Tetapi apa selanjutnya? Terjadi perubahan sangat cepat! Massa atau orang-orang Nazaret itu dari memuji-muji cepat berubah jadi sangat marah. Dari membenarkan perkataan FirmanNya segera beralih ke meragukanNya kemudian tidak percaya bahkan “meledak!” hampir menjadikanNya korban penghukuman massa, hendak mendorong menjatuhkan Dia dari atas jurang. Namun semua itu dihadapiNya dengan tenang..
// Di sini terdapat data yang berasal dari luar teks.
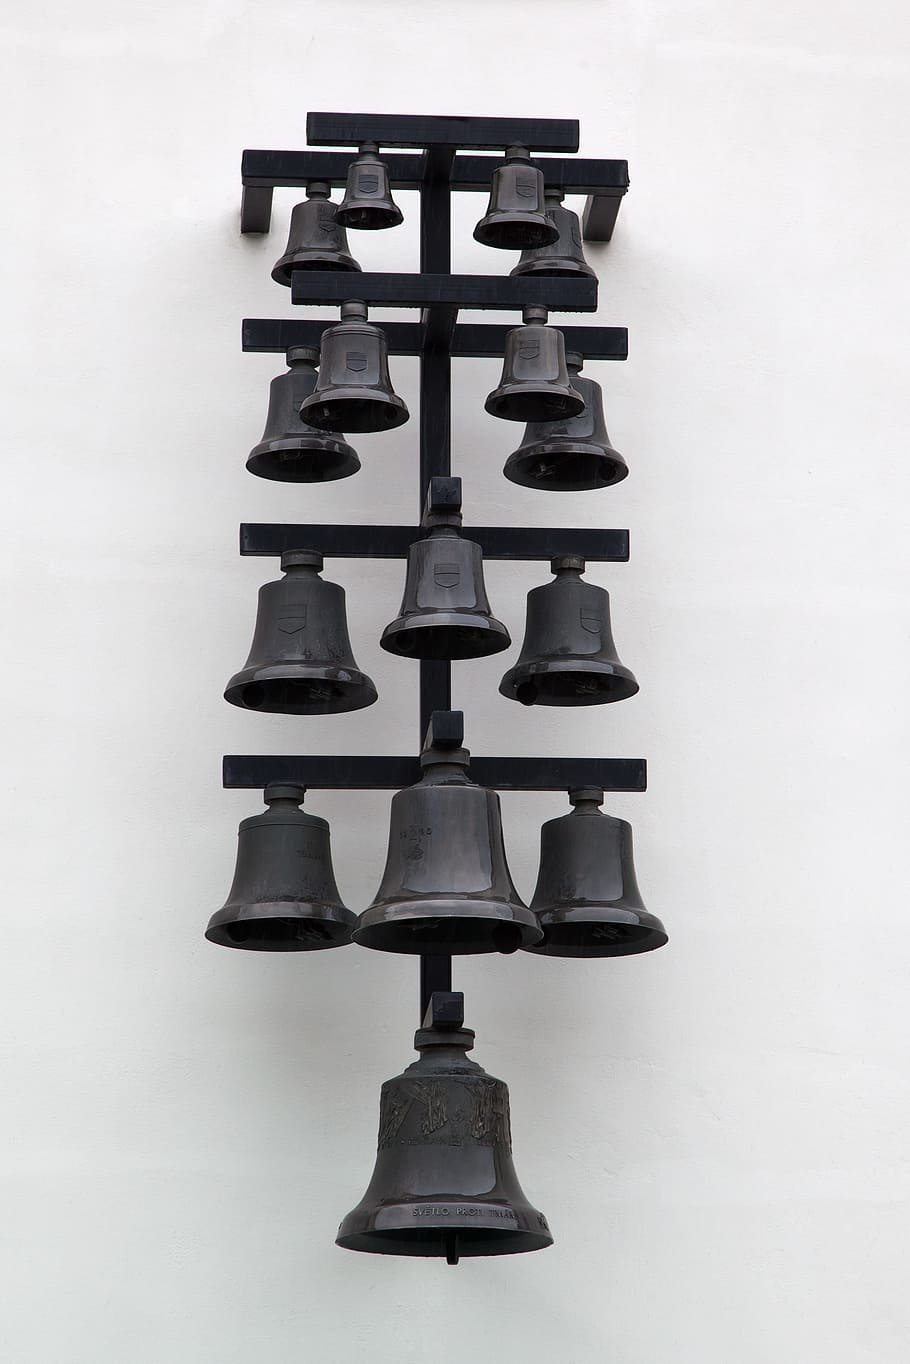 Attraction, Bell, Bells, Carillon, device, instrument, iron, many, metal, music

Perhatikanlah apa yang terjadi, apa yang dilakukan Tuhan Yesus di momen-momen akhir perikop kita kali ini. Dia tidak membalas kemarahan mereka dengan marah atau kemarahan juga. Tidak ada sungut-sungut ke luar dari mulutNya. Tidak ada pemberontakan merespon segala penolakan orang-orang sekampung tempat Ia dibesarkan itu. Hampir tidak ada perlawanan.

Perlawanan yang dilakukan, hanya dengan membalikkan badannya. Tanpa berbicara sedikitpun! Jadi ketika persis sudah di pinggir jurang tebing. Dengan damai dan tenang sekali, Tuhan Yesus membalikkan badan kea rah orang-orang yang marah dan mendorong-dorongNya tersebut. Lalu? Lalu berjalan di tengah-tengah mereka kemudian meninggalkan mereka tanpa perlawanan sedikitpun. Dan mereka tidak mampu berbuat apa-apa kepada Dia. Ini teladan kisah luarbiasa! Tuhan Yesus mencontohkan dengan nyata, ajaranNya sendiri,”Kalahkan kejahatan dengan kebaikan.”
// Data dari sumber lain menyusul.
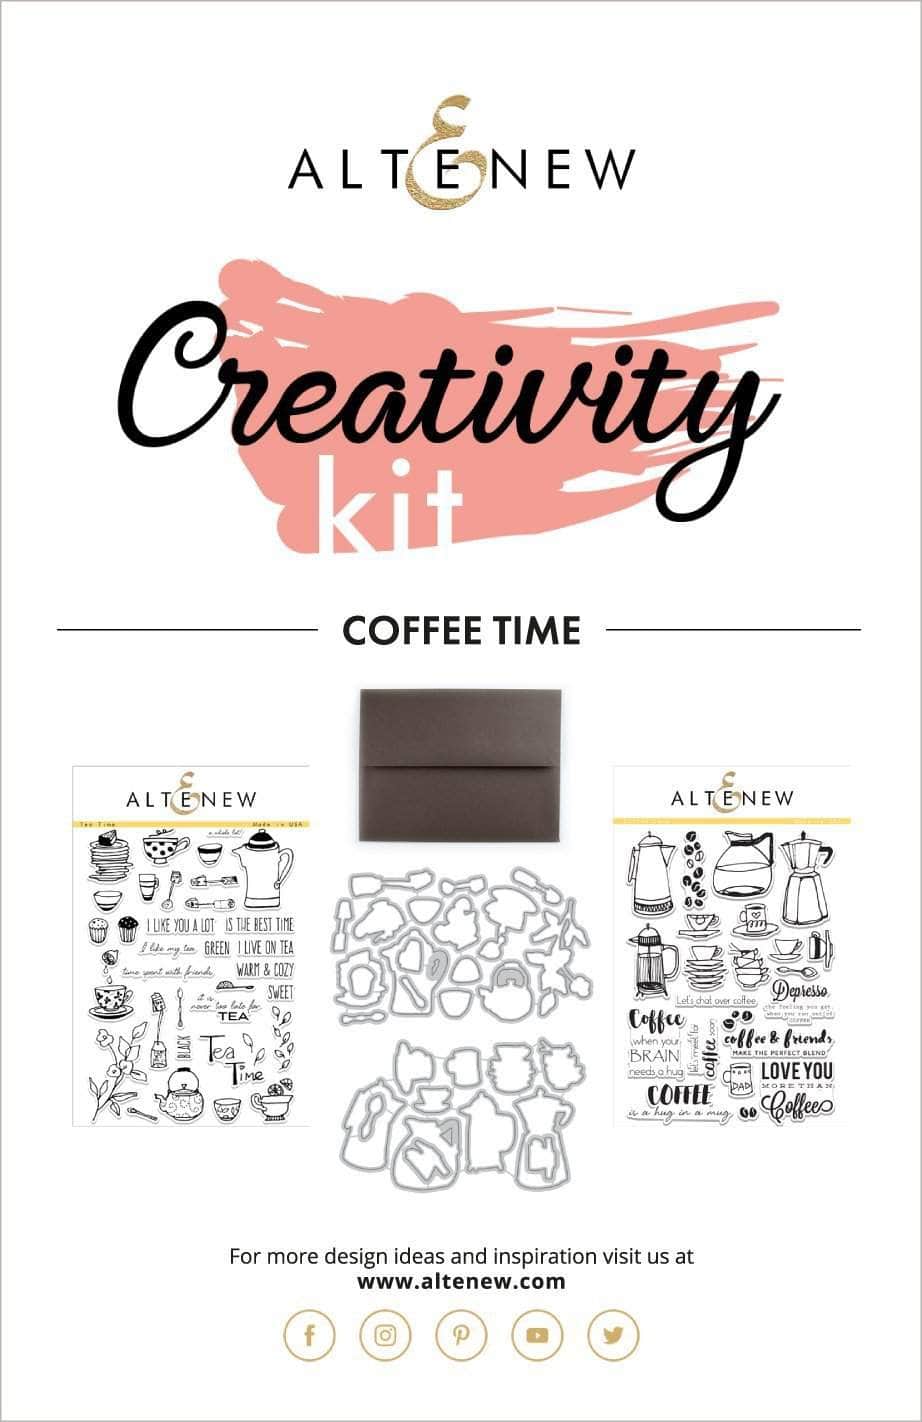 Printed Media Coffee Time Creativity Kit Inspiration Guide

                                                                                                                                                          foto: lt

Mari hadapi dan jalani pergumulan bahkan kesakita dengan tenang. Ketenangan di dalam Roh Allah saja. Sehingga kita bisa memiliki ketenangan yang Tuhan Yesus tampakkan tadi. Mari mengahadapi dan menjalani segala hal berat seperti Tuhan Yesus menjalaninya.
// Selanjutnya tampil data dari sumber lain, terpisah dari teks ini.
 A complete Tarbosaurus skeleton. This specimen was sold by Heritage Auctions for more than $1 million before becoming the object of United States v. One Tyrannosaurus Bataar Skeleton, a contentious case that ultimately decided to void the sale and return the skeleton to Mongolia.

Hadapi pergumulan dan tantangan. Jangan lari dari itu. Juga ingat jangan cari-cari pergumulan dan tantangan! Tetapi sekali lagi, hadapi llau jalani! Minta hikmat dari Tuhan untuk kita bisa menemukan akar permasalahan. Hindari dan buang jauh sungut-sungut! Lalu selesaikan itu dengan tenang. Jangan lupa dan jangan berhenti berdoa. Bekerjasamalah dengan seluruh kemampuan diri, talenta, akalbudi bahkan appaun yang Tuhan berikan padamu untuk membereskan semuanya agar bisa jadi lebih baik.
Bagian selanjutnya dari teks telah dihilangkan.